The SEC is exploring “why the market moves so much on the press release but doesn’t move much at all on the Q,” said Miskinis. So far, roughly 70 individuals or entities have weighed in on the request, he said.

“Investor groups are saying we absolutely need quarterly reporting,” said Miskinis. “On the company side, there’s a little more diversity, especially among smaller companies that are looking for relief.”

Greg Wright, vice president and technical controller at Comcast Corp., said he respects the SEC’s consideration of the issues, but he doesn’t expect his reporting structure to change. Comcast is a large accelerated filer, and the reporting process is a significant undertaking, he said.

“From our perspective, investors certainly aren’t going to want less information or less frequent information,” Wright said. “I have a full-on expectation that we’ll continue to report on a quarterly basis. None of that is going to change.”

If relief is in the offing for larger companies, it’s more likely to come through a separate SEC initiative around disclosure simplification, said Wright. Especially where disclosure requirements compel companies to provide information that’s not as important to investors. “That’s a great dialogue that should be had,” he said.

Comcast has applied a concept of materiality to its disclosure determinations, said Wright, even ahead of any SEC rulemaking to definitively alter requirements. After Comcast’s recent acquisition of British broadcaster Sky, it created a consolidated “quarter trillion dollar balance sheet,” he said. “From a materiality standpoint, there aren’t many things that get material to us.”

That makes it feasible to reconsider, for example, pension disclosures. The company has “a handful” of pensions, and most of them are frozen, said Wright. As such, when viewing disclosures through a lens of materiality, the company felt it appropriate to scale back some of the actuarial details, he said.

To the extent the SEC can support such determinations, and give auditors comfort in supporting them as well, that will reduce the load of disclosure requirements, said Wright. “It’s a big balancing act to make sure the disclosures and documents are concise and pointed to the things that matter,” he said.

More recently, the SEC also proposed revising the tests for determining the significance of a business acquisition, which affects the scope of information and depth of detail that must be disclosed to investors.

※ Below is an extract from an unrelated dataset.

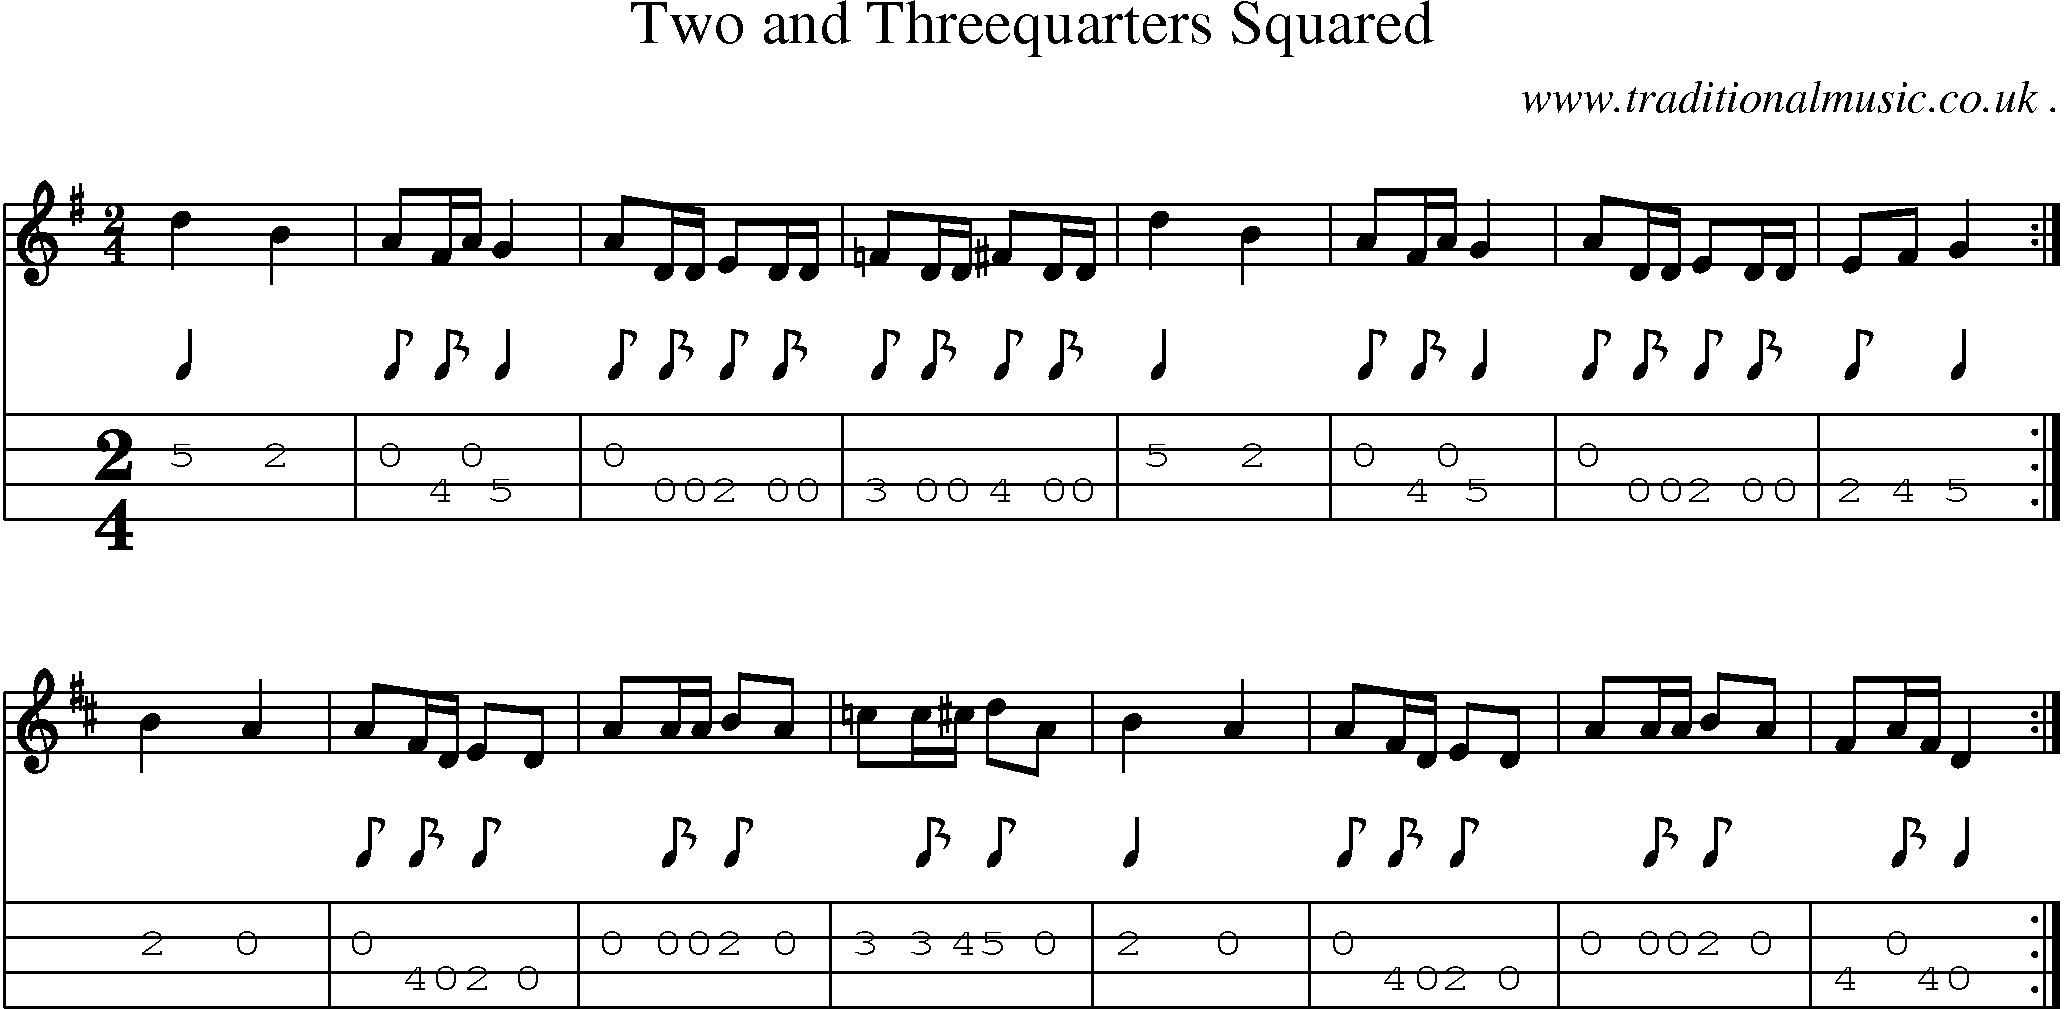 Sheet-Music and Mandolin Tabs for Two And Threequarters Squared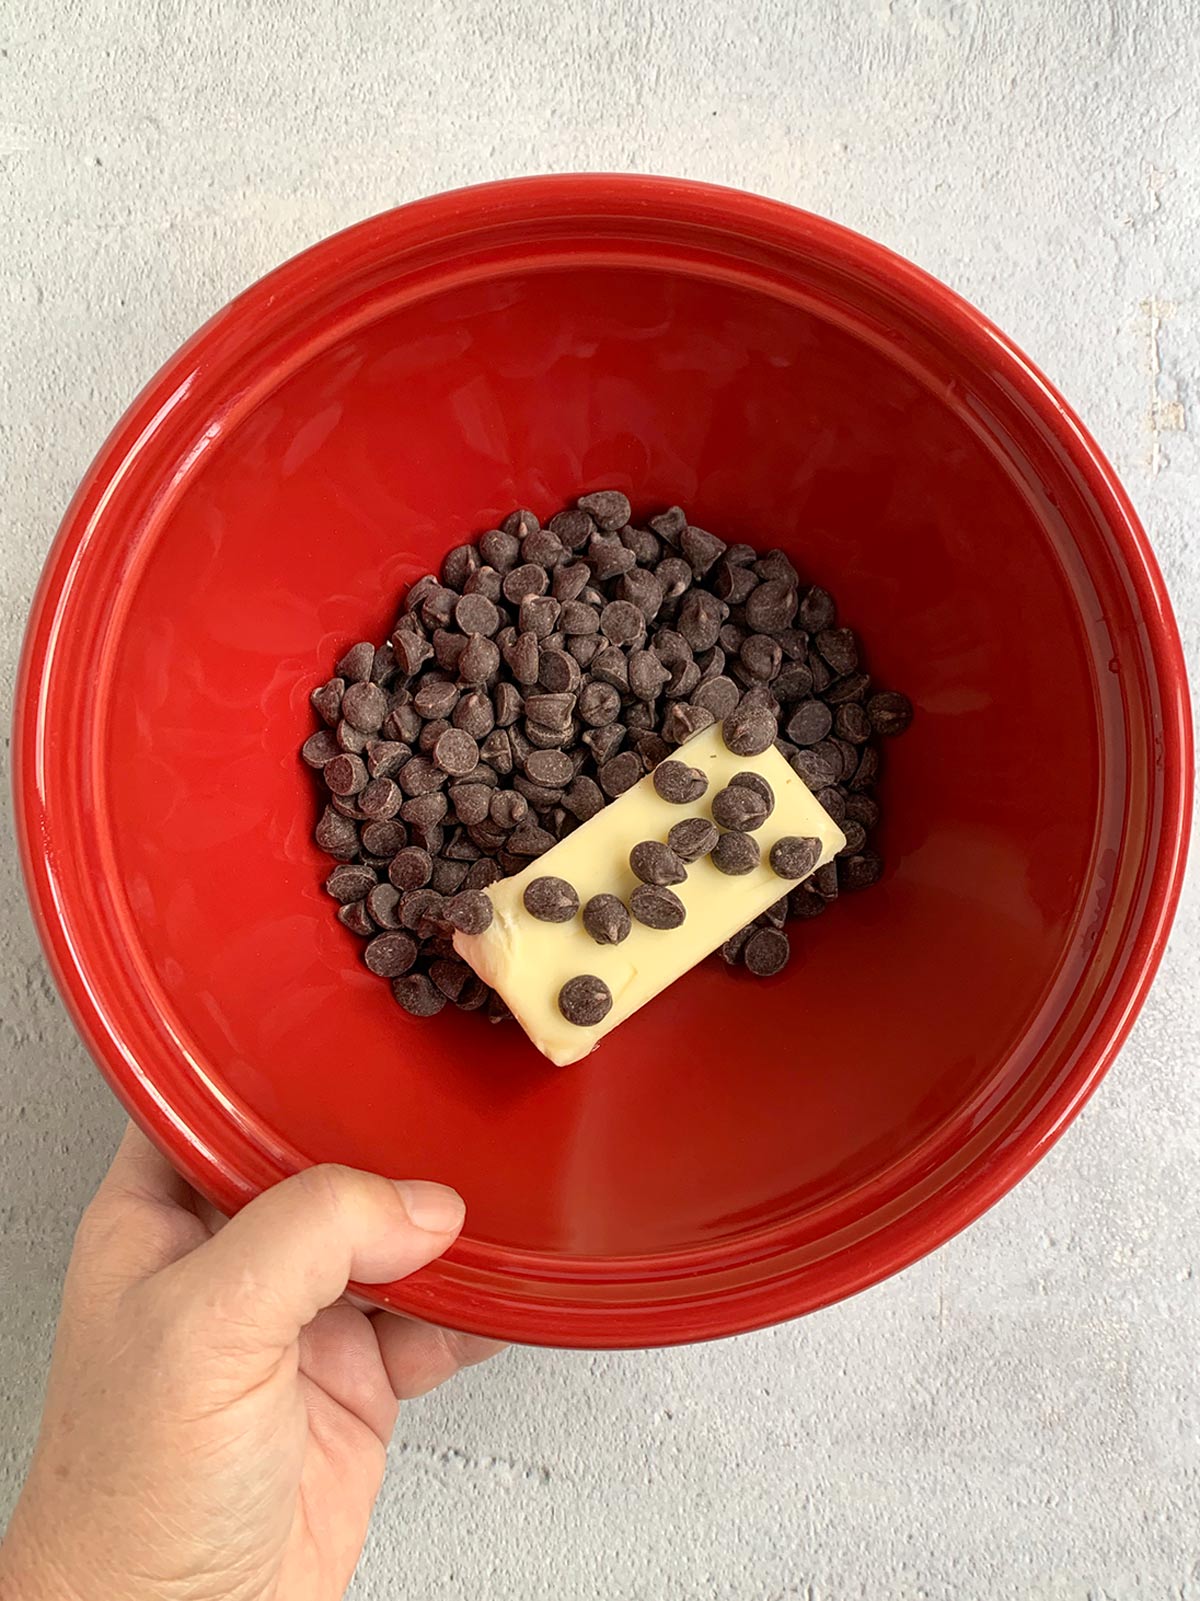 Chocolate chips and butter unmelted in a red bowl.

The SEC’s proposed changes will have the effect of reducing the frequency of “anomalous answers” that emerge with current significance testing, said Miskinis. Those are instances where test results would suggest an acquisition was significant when common sense would suggest otherwise, he said.

While the rulemaking process on significance testing continues, companies in the meantime have been encouraged to ask the SEC for waivers of the reporting requirements under Rule 3-13 of Regulation S-X, said Miskinis. The SEC “has been very receptive” to such requests, he said, being open to a dialogue on how to assure reporting is not overly burdensome. It usually involves a fair amount of back-and-forth written correspondence “to get to the answer that makes sense,” Miskinis said, but the SEC has provided a number of waivers under the process.

In the proxy area, the SEC has been active primarily in three sectors—proxy solicitation and voting, the shareholder proposal process, and the role of proxy advisory firms, said Consuelo Hitchcock, principal at Deloitte in audit regulatory affairs.

With respect to solicitation and voting, “there’s a fairly broad consensus there’s a better way to make this process easier,” said Hitchcock. The use of blockchain, or distributed ledger technology, has been raised as a possible solution, but that’s a longer-term possibility, she said. The SEC has said it is especially concerned about the lower rate of retail investor participation in proxy voting and whether that skews outcomes.

The SEC is also concerned about whether proxy advisory firms have too much influence over the proxy process, and perhaps whether there’s even a conflict of interest that needs to be explored and addressed, said Hitchcock.